**DATA TO PROCESS**
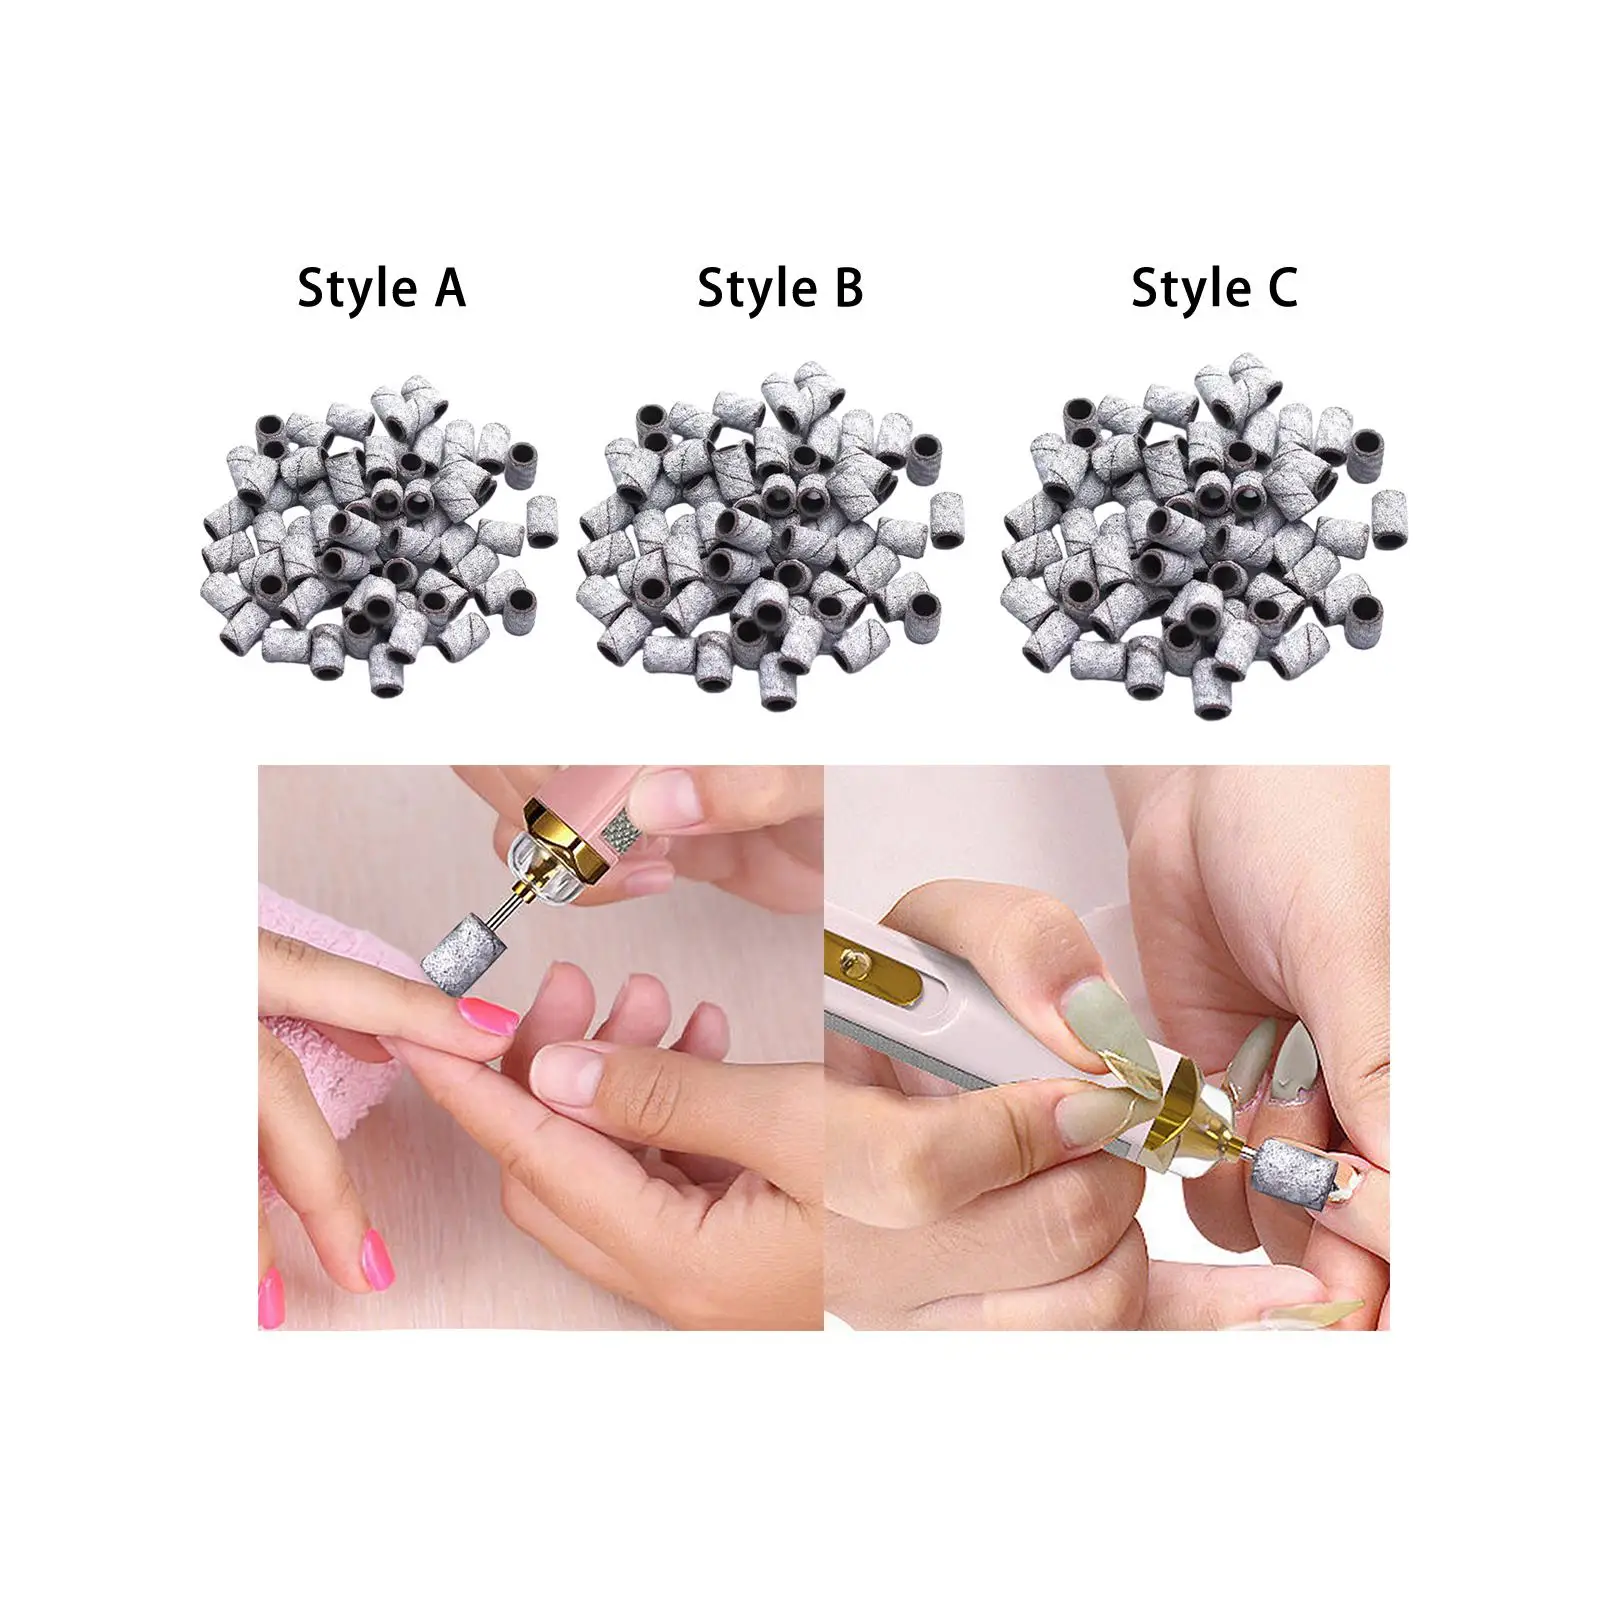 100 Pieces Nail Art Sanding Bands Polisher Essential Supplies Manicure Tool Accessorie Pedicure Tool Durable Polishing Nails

---

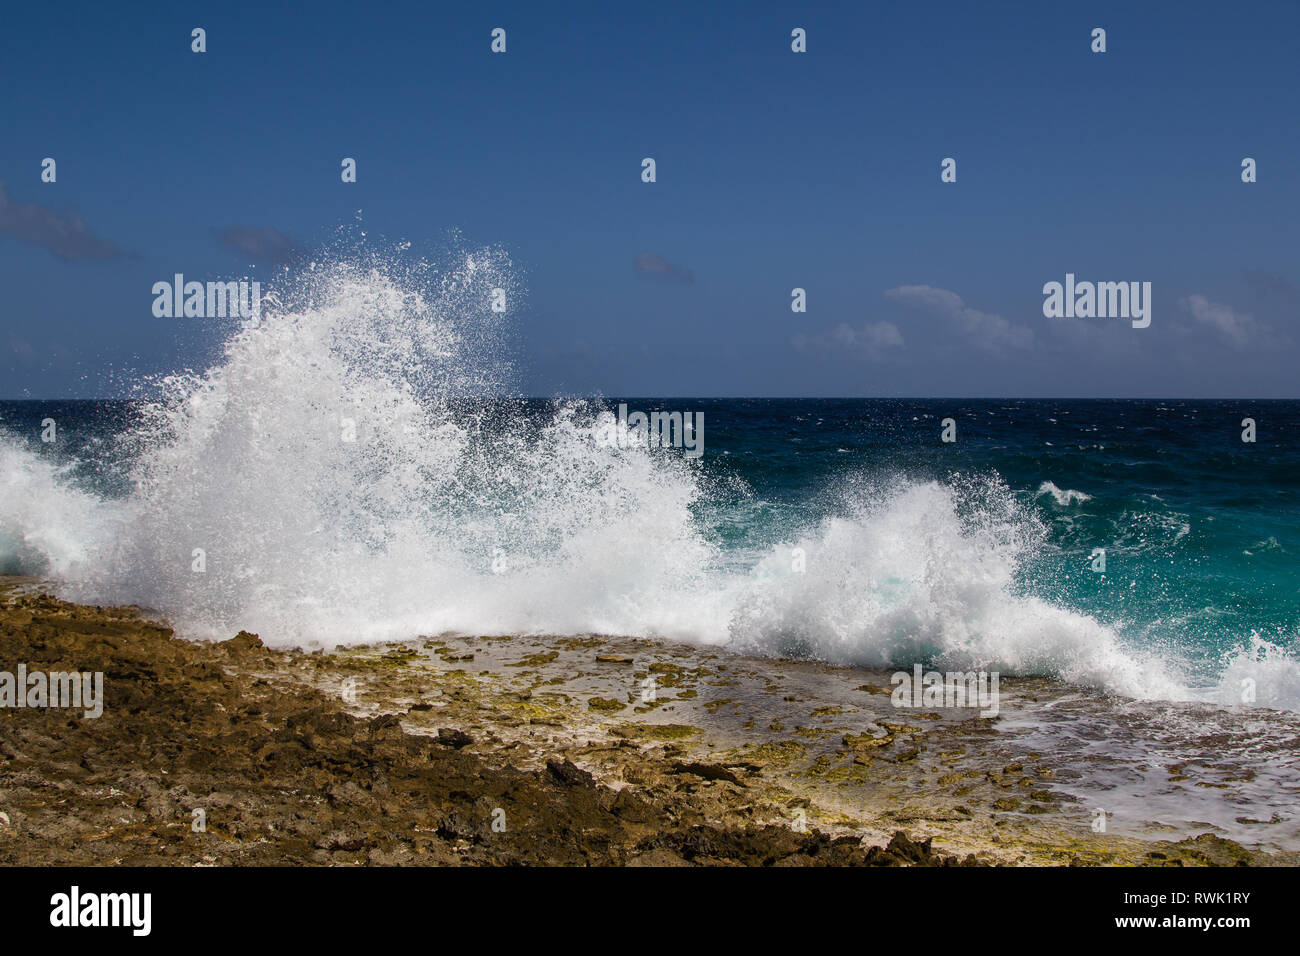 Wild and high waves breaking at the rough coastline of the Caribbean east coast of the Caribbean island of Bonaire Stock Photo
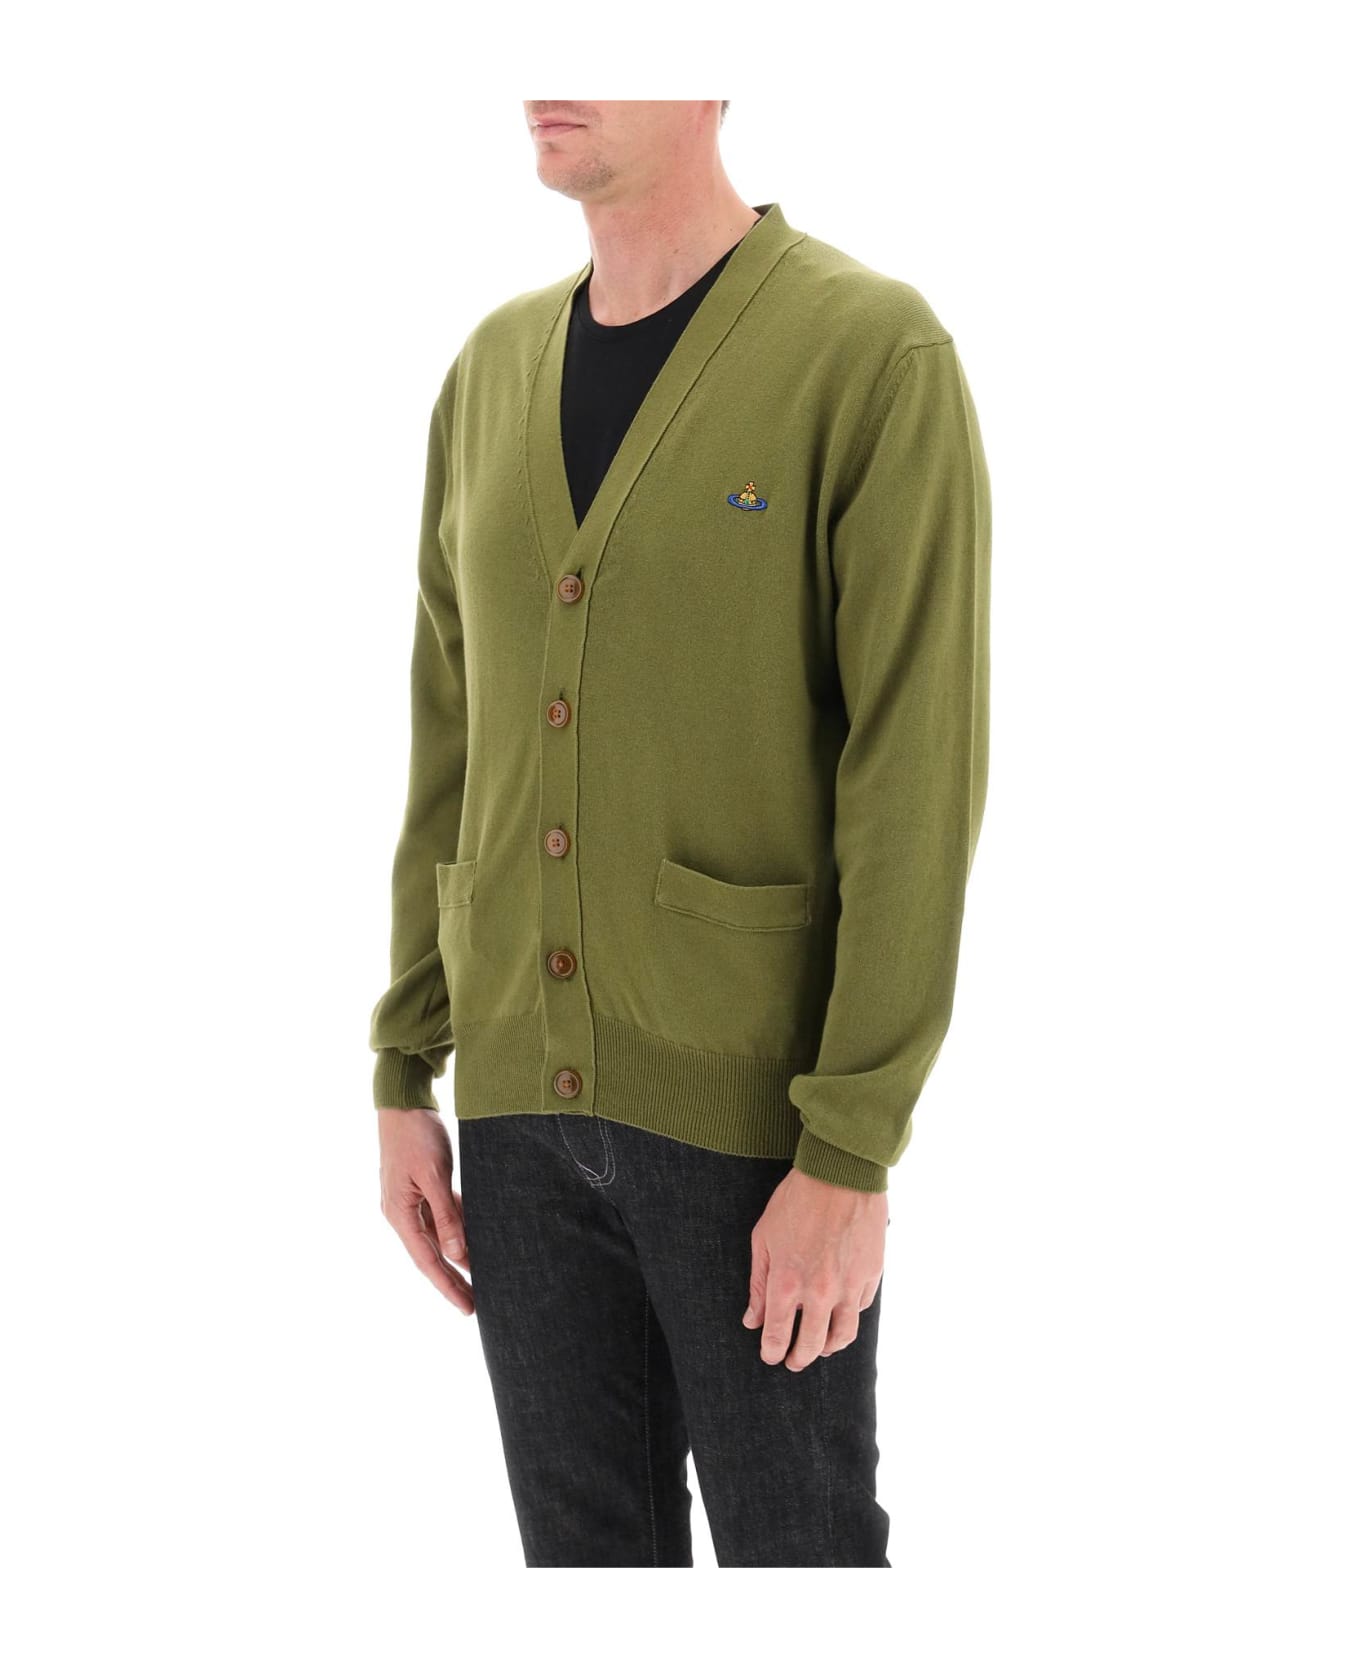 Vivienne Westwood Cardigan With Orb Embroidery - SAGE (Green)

--

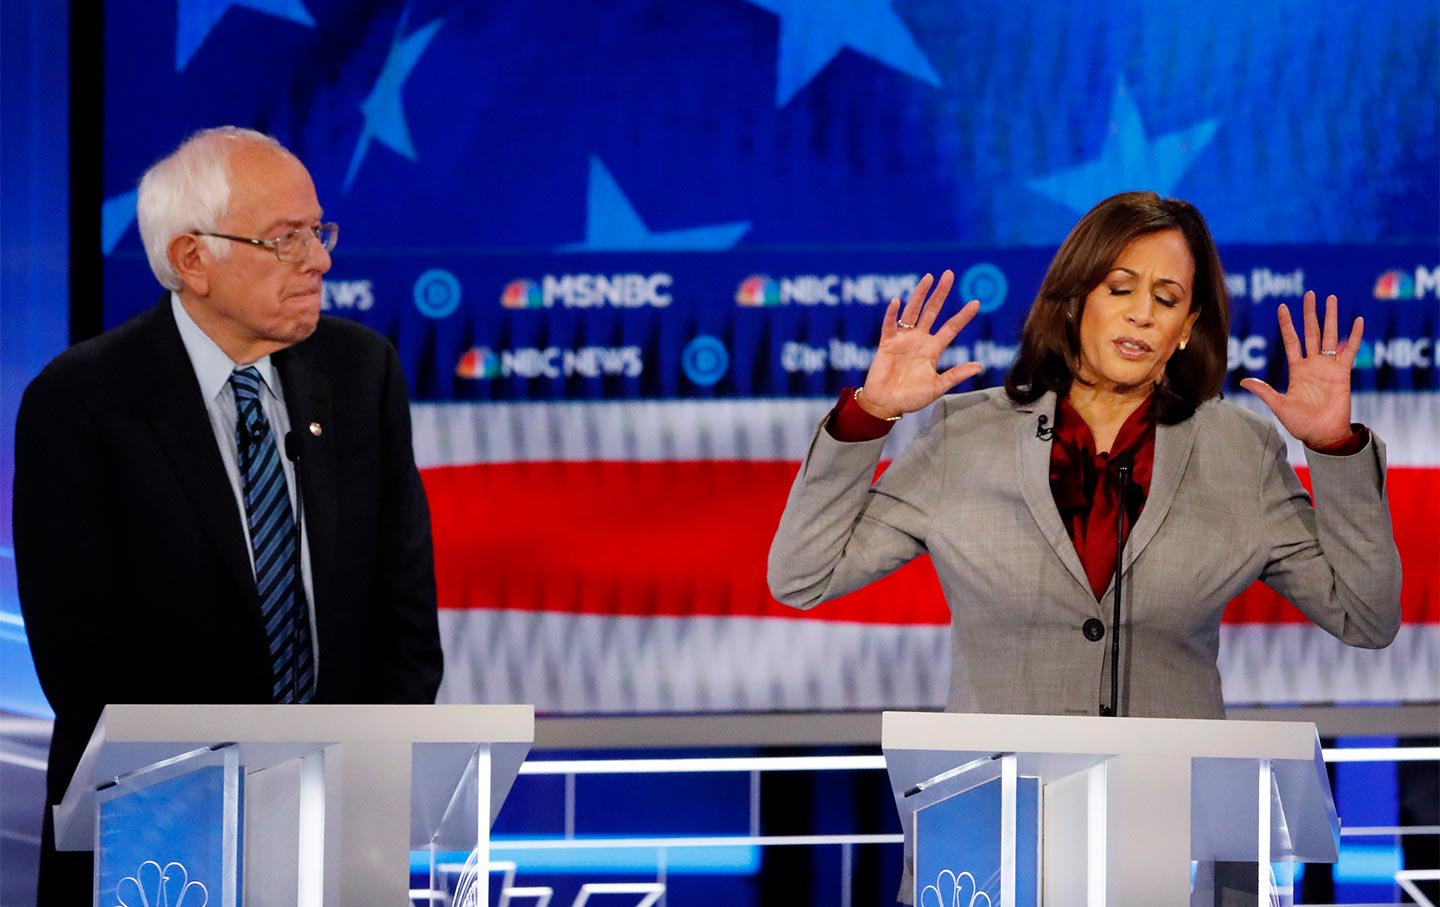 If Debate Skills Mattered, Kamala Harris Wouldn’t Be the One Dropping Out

**AIM OF THE EXERCISE**
Copy word for word the lines of the records above from the one with "Wild and high" up to and including the one with "Vivienne Westwood Cardigan". Skip the pictures.

**TASK RESULT**
 Wild and high waves breaking at the rough coastline of the Caribbean east coast of the Caribbean island of Bonaire Stock Photo
 Vivienne Westwood Cardigan With Orb Embroidery - SAGE (Green)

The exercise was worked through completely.